» **EXERCISE GOAL**: A faithful transcription of all the data, images excluded, is the required answer.

» **DATA**:
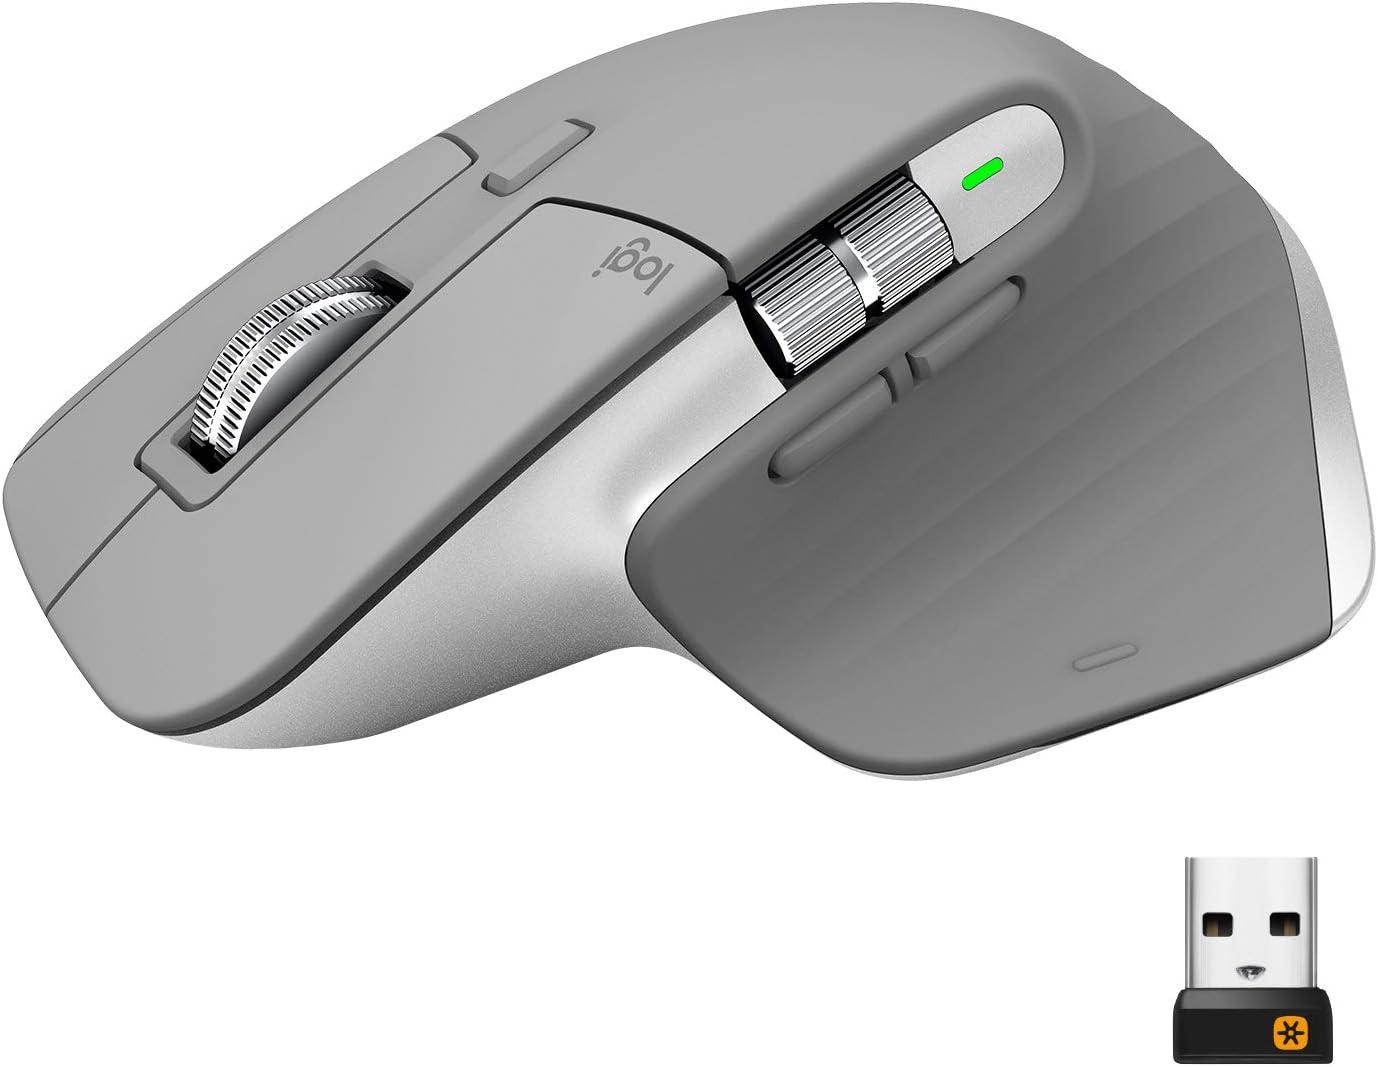 Logitech MX Master 3 Advanced Ratón Inalámbrico, Receptor USB, Bluetooth/2.4GHz, Desplazamiento Rápido, Seguimiento 4000 DPI en Cualquier Superficie, 7 Botones, Recarcable, PC/Mac/Portátil/iPadOS
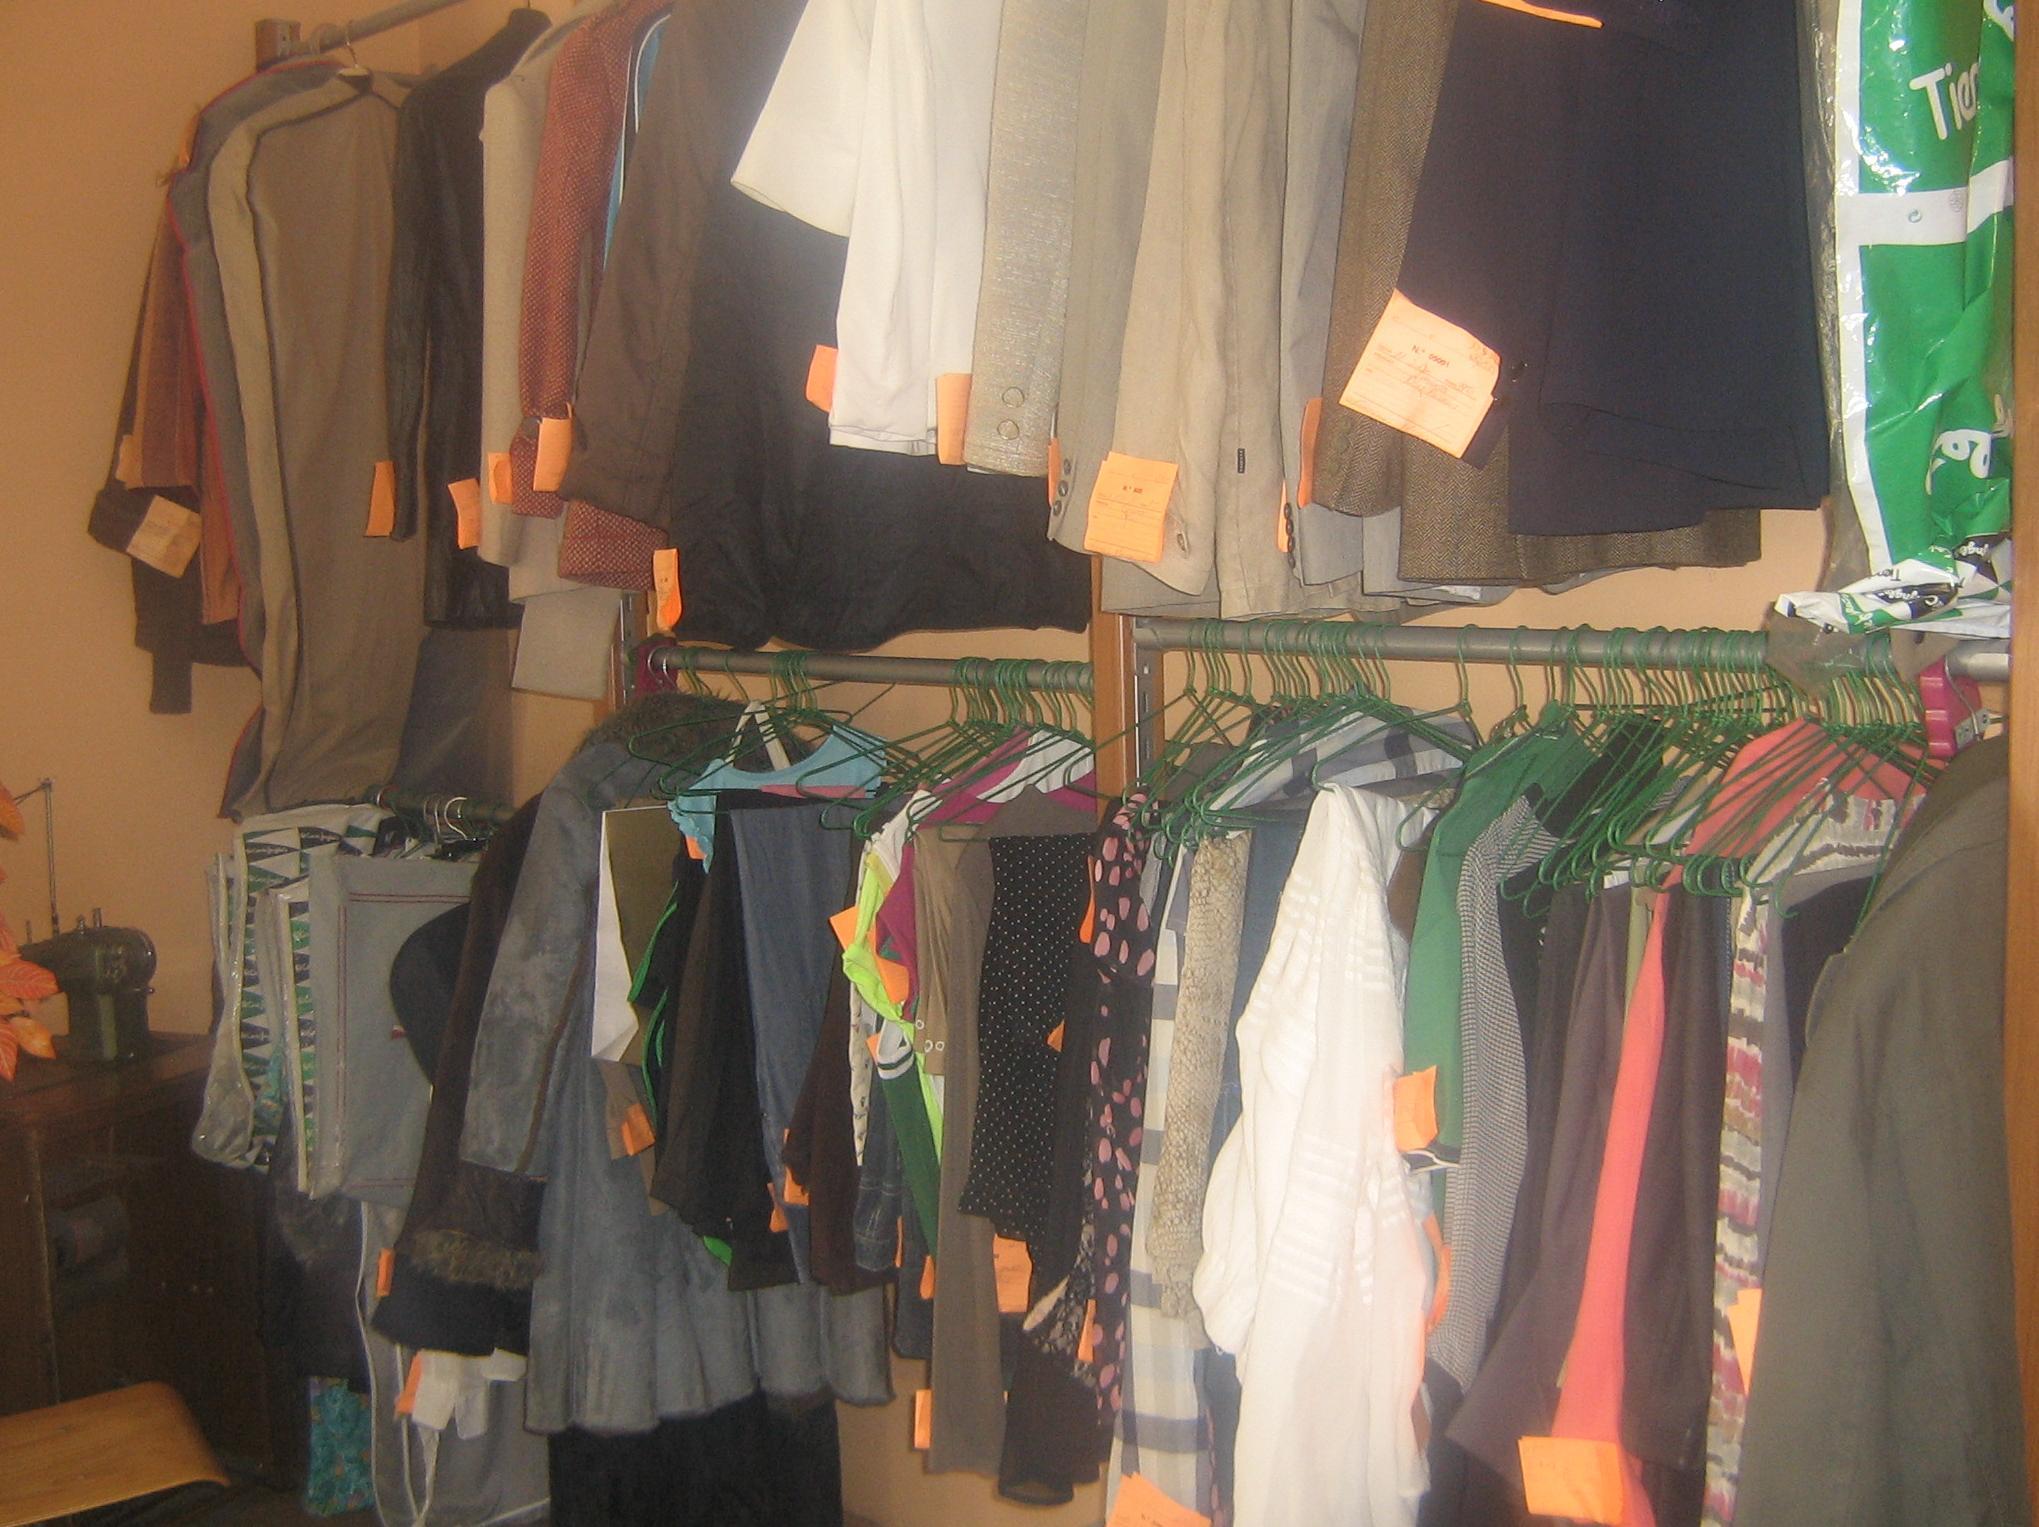 Foto 5 de Arreglos de ropa y piel en Zaragoza | Arreglos Vistebién
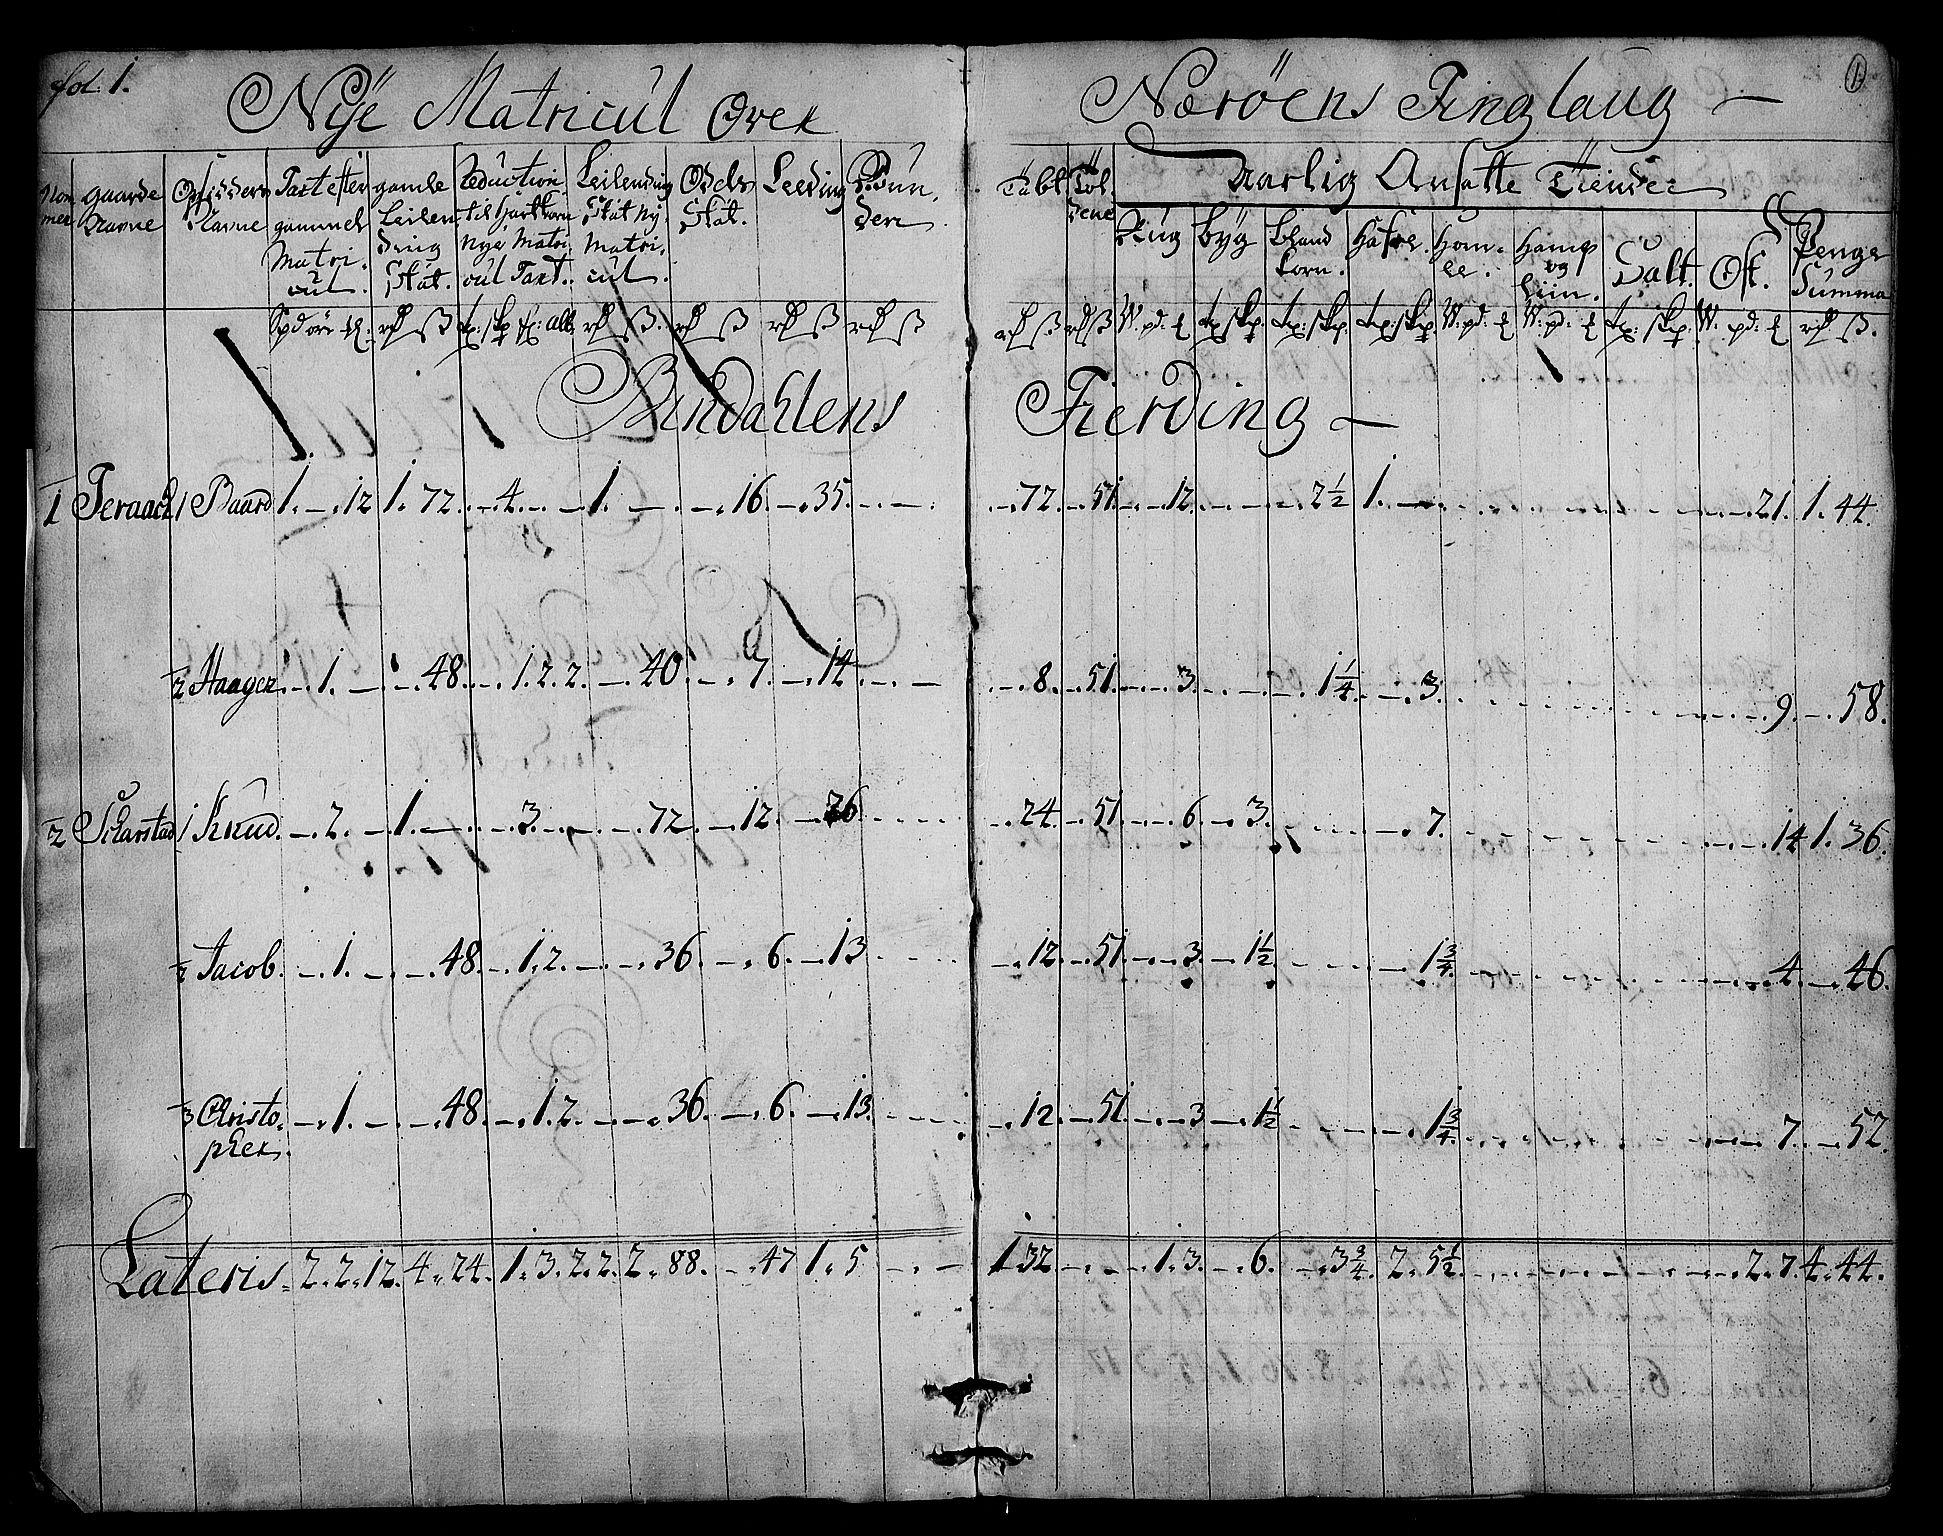 RA, Rentekammeret inntil 1814, Realistisk ordnet avdeling, N/Nb/Nbf/L0169: Namdalen matrikkelprotokoll, 1723, s. 1a
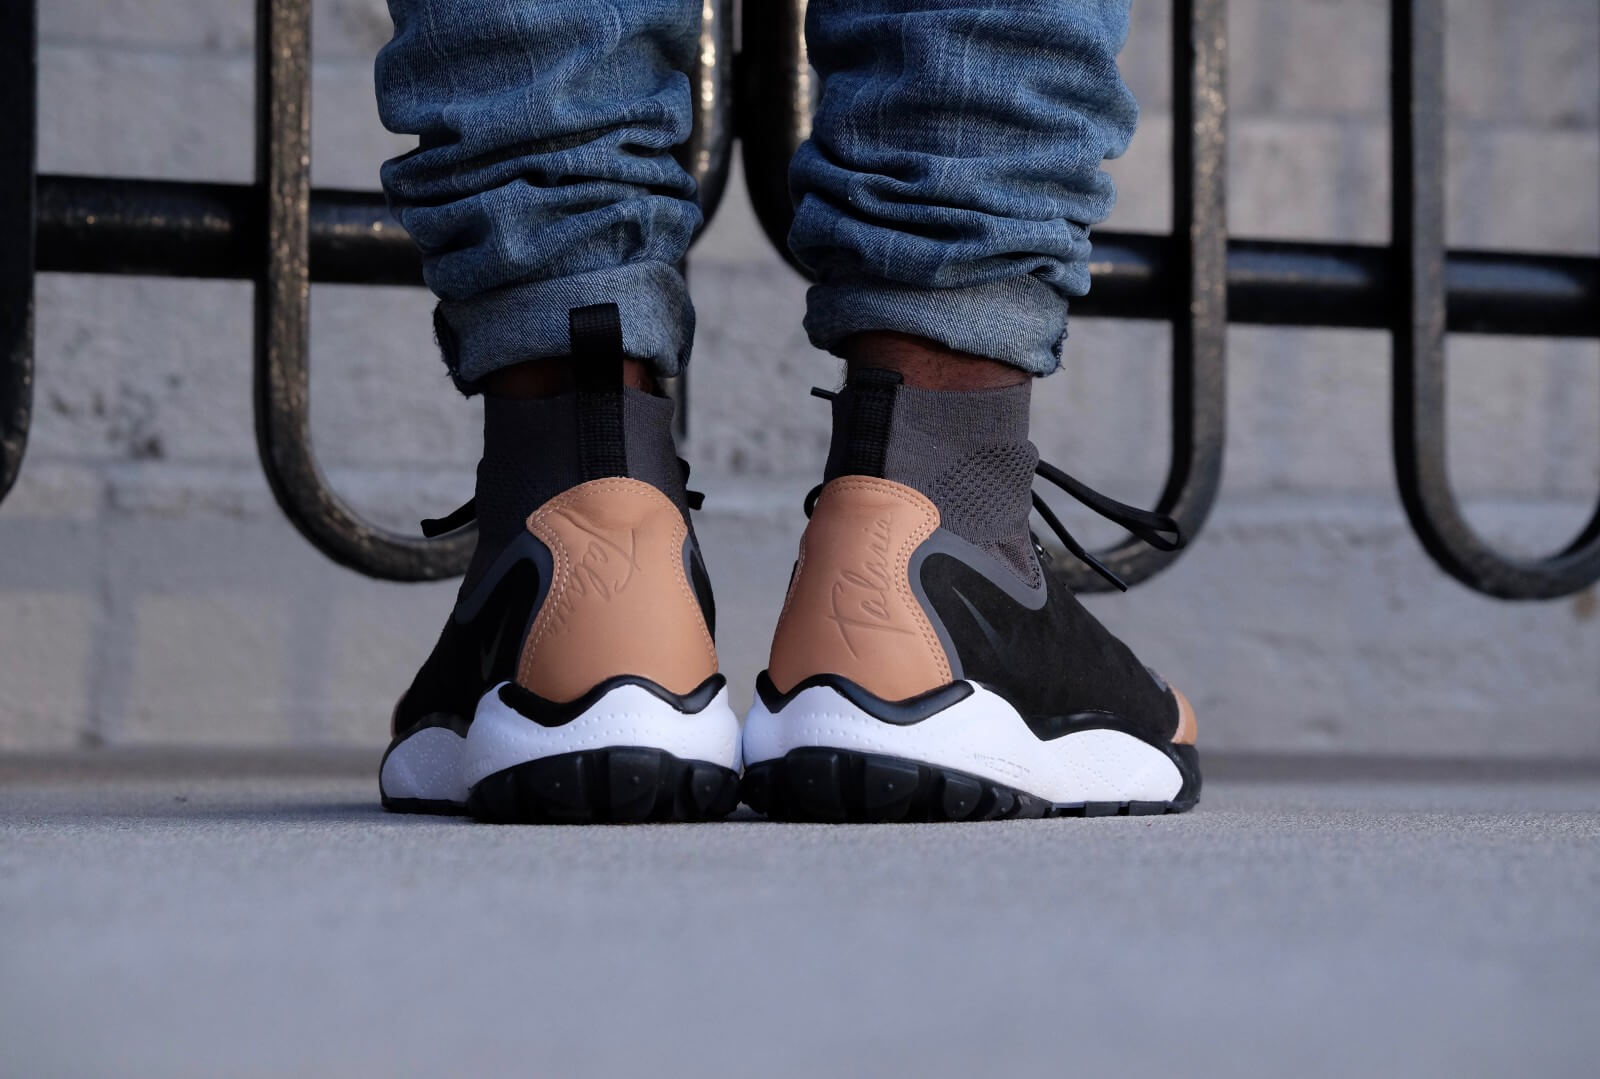 36ec0414b1f ... Nike Air Zoom Talaria Mid Flyknit PRM Anthraciteblack-vachetta tan-dark  grey ...

» **ANSWER SPACE**:
 Logitech MX Master 3 Advanced Ratón Inalámbrico, Receptor USB, Bluetooth/2.4GHz, Desplazamiento Rápido, Seguimiento 4000 DPI en Cualquier Superficie, 7 Botones, Recarcable, PC/Mac/Portátil/iPadOS
 Foto 5 de Arreglos de ropa y piel en Zaragoza | Arreglos Vistebién
 RA, Rentekammeret inntil 1814, Realistisk ordnet avdeling, N/Nb/Nbf/L0169: Namdalen matrikkelprotokoll, 1723, s. 1a
 36ec0414b1f ... Nike Air Zoom Talaria Mid Flyknit PRM Anthraciteblack-vachetta tan-dark  grey ...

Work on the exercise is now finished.